The IAAF created the exception for those who could prove they were clean when it imposed the blanket suspension, calling it a "tiny crack" through which a handful of Russian track and field athletes could be allowed compete under a neutral flag -- if they could show they were not "tainted" by the country's systemic doping and could submit sufficient clean tests taken outside Russia. Sixty-seven of the Russian athletes appealed their rejections. But, the IAAF though has so far allowed just two athletes through this loophole, rejecting the vast majority of other applications.

The CAS today also dismissed the appeals of those rejected by IAAF, confirming that virtually Russia's entire track field team is excluded.

The ruling does not prevent other organization from making their own decisions. The court noted that its ruling was not binding on the IOC and said as the chief organizer it would still be up to the Olympic body to make a final decision on who would attend, leaving open the possibility that some Russian athletes could still be permitted to go.

“The door is open for the IOC to decide, to determine even on a case-by-case principle whether these athletes are eligible or not,” CAS general secretary Mattieu Reeb told reporters outside the court headquarters in Lausanne, Switzerland. The tribunal also expressed concern that the IAAF criteria retrospectively requiring Russian athletes to have effectively trained outside the country was not just.

Russian officials nonetheless reacted to the ruling with indignation and largely hopelessness that track and field athletes would go. A spokesman for Russia's foreign ministry, Maria Zakharova, called it a "crime against sport." In a lengthy news conference, Russian sports minister Vitaly Mutko said the decision "absolutely violates the rights of clean sportsmen," and railed against the IAAF, whose former leadership is currently under criminal investigation:

"The International Federation is completely corrupted," Mutko said on Russian state television. "IAAF's behavior and stubbornness disturbs me to the depths of my soul. There is a criminal investigation open into its former president."

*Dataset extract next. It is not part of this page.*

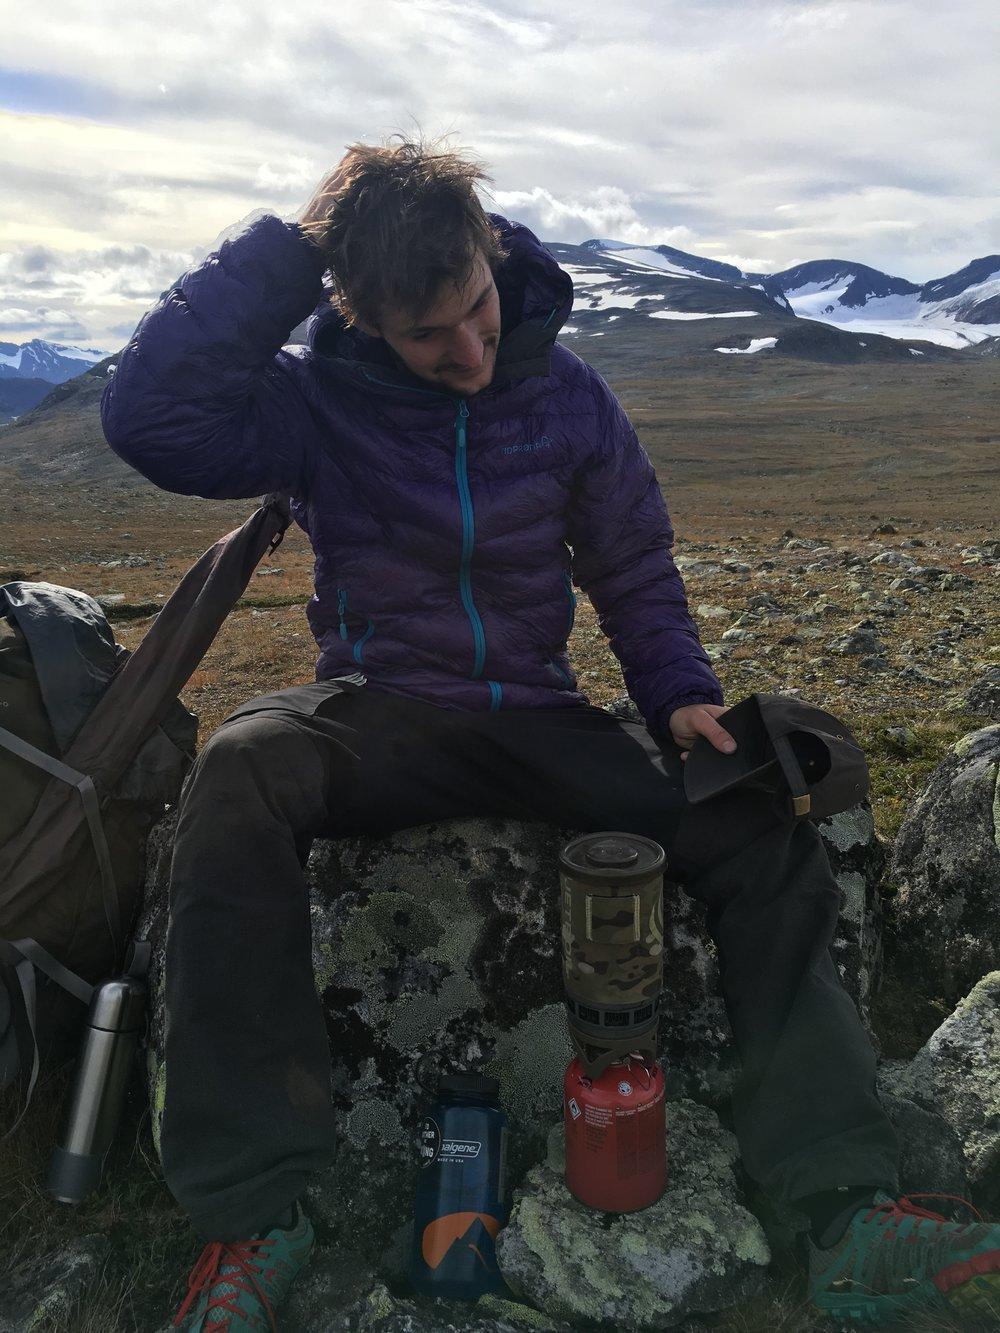 Jakken i brug under pause på fjeldet, vinter 2016  Foto: Jesper Hovkjær

Mutko said he thought ruling was "political and without legal basis," but said it created "some precedent" that could affect the IOC's decision.

The head of Russia's track and field federation, Mikhail Butov told Russian state TV that he thought there was now little chance the block on his athletes competing could be lifted.

The decision is a heavy blow for Russia’s track and field athletes, who insist they were not part of the doping system the country has been accused of running.

Speaking after the decision, the two-time Olympic champion pole-vaulter, Elena Isinbaeva, bitterly thanked the court for “track and field’s funeral” and told the TASS state news agency the ruling was a “purely political order.”

Most of Russia's track and field athletes were gathered competing at the country's national track and field competition outside Moscow. High-jumper Maria Kuchina,23, told R-Sport she still hoped for something and was determined to still show a good result. Kuchina was one of Russia's best medal hopes and has a clean doping record.

Ekaterina Koneva, a triple-jumper, said the decision made her feel "just emptiness."

"Complete devastation. There isn't anything else," Koneva told the Russian sports site, Championat.ru.